Introduction and description

Bilberry is any of several species of low-growing shrubs in the genus Vaccinium (family Ericaceae), bearing edible berries. The species most often referred to is Vaccinium myrtillus L., but there are several other closely related species. Bilberries are distinct from blueberries but closely related to them.

Bilberry (especially Vaccinium myrtillus) is also known in English by other names including blaeberry , whortleberry, whinberry, winberry, windberry, wimberry, myrtle blueberry and fraughan. In several other European languages its name translates as "blueberry", and this may cause confusion with the related plants more usually known as "blueberry" in English, which are in the separate section Cyanococcus of the Vaccinium genus. In Europe including the British Isles the bilberry grows natively in the wild on acidic soils (whereas the blueberry is native to North America). It is very plentiful in the Peak district and Scotland.

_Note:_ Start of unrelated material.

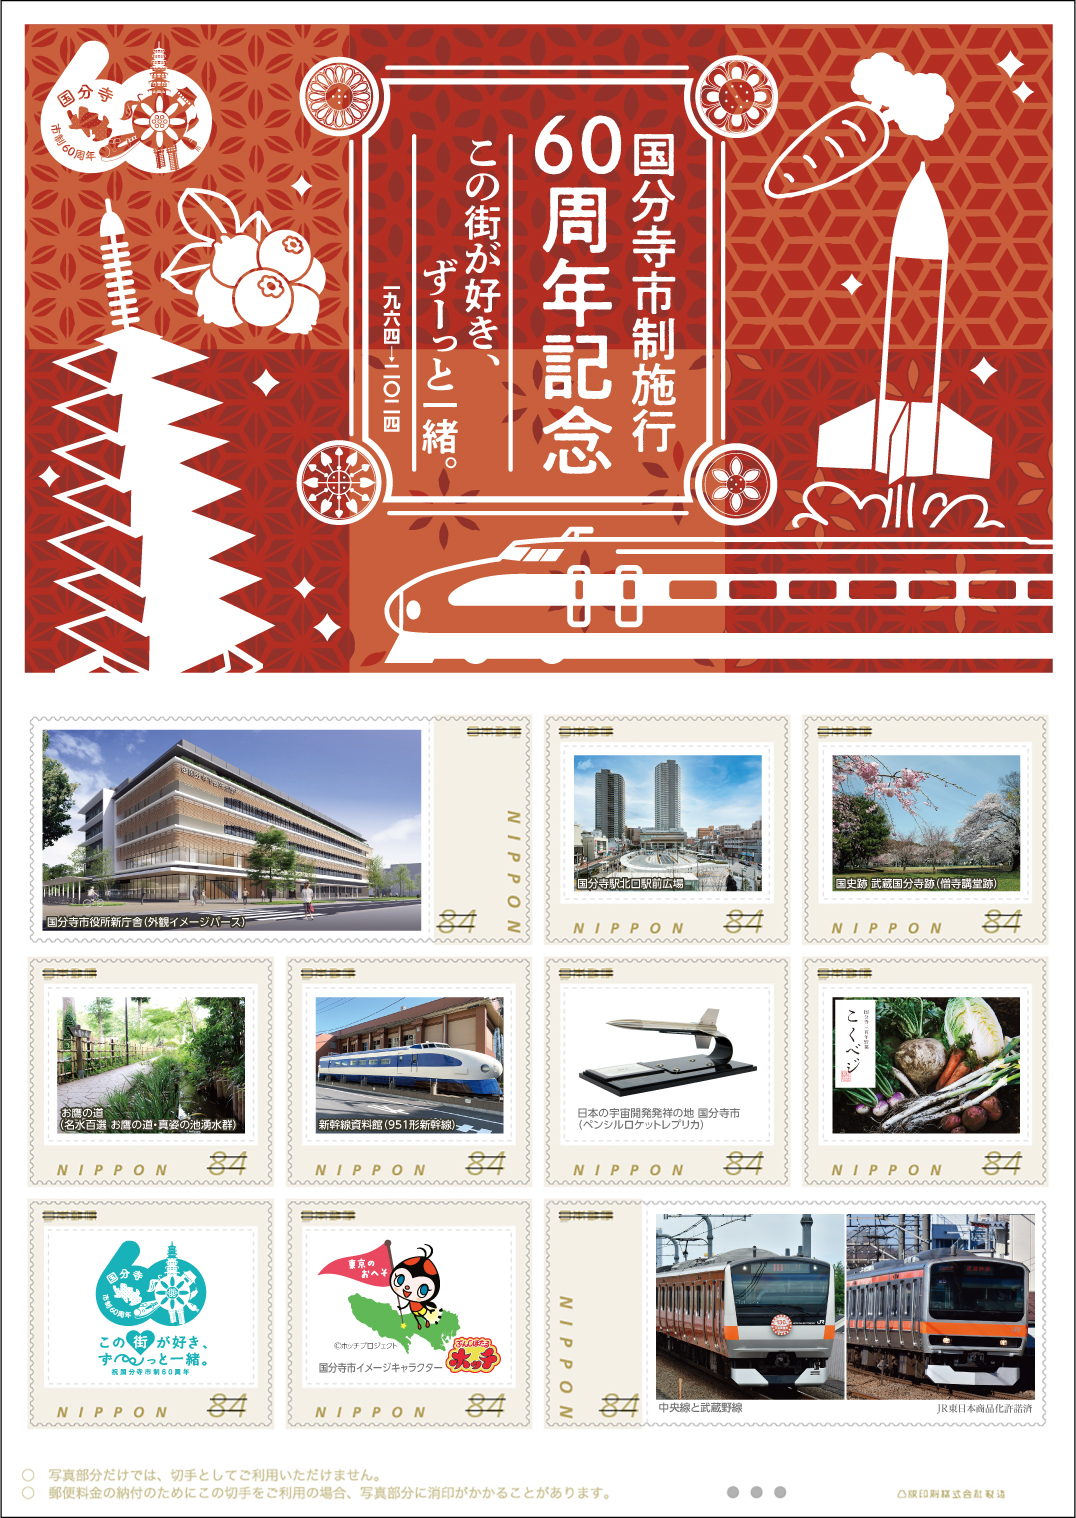 オリジナル フレーム切手「国分寺市制施行60周年記念」の販売開始

Distribution and description

V. myrtillus grows abundantly in our heathy and mountainous districts, a small branched shrub, with wiry angular branches, rarely over a foot high, bearing globular wax-like flowers and black berries, which are covered when quite ripe with a delicate grey bloom, hence its name in Scotland, 'Blea-berry,' from an old North Countryword, 'blae,' meaning livid or bluish. The name Bilberry (by some old writers 'Bulberry') is derived from the Danish 'bollebar,' meaning dark berry. There is a variety with white fruits.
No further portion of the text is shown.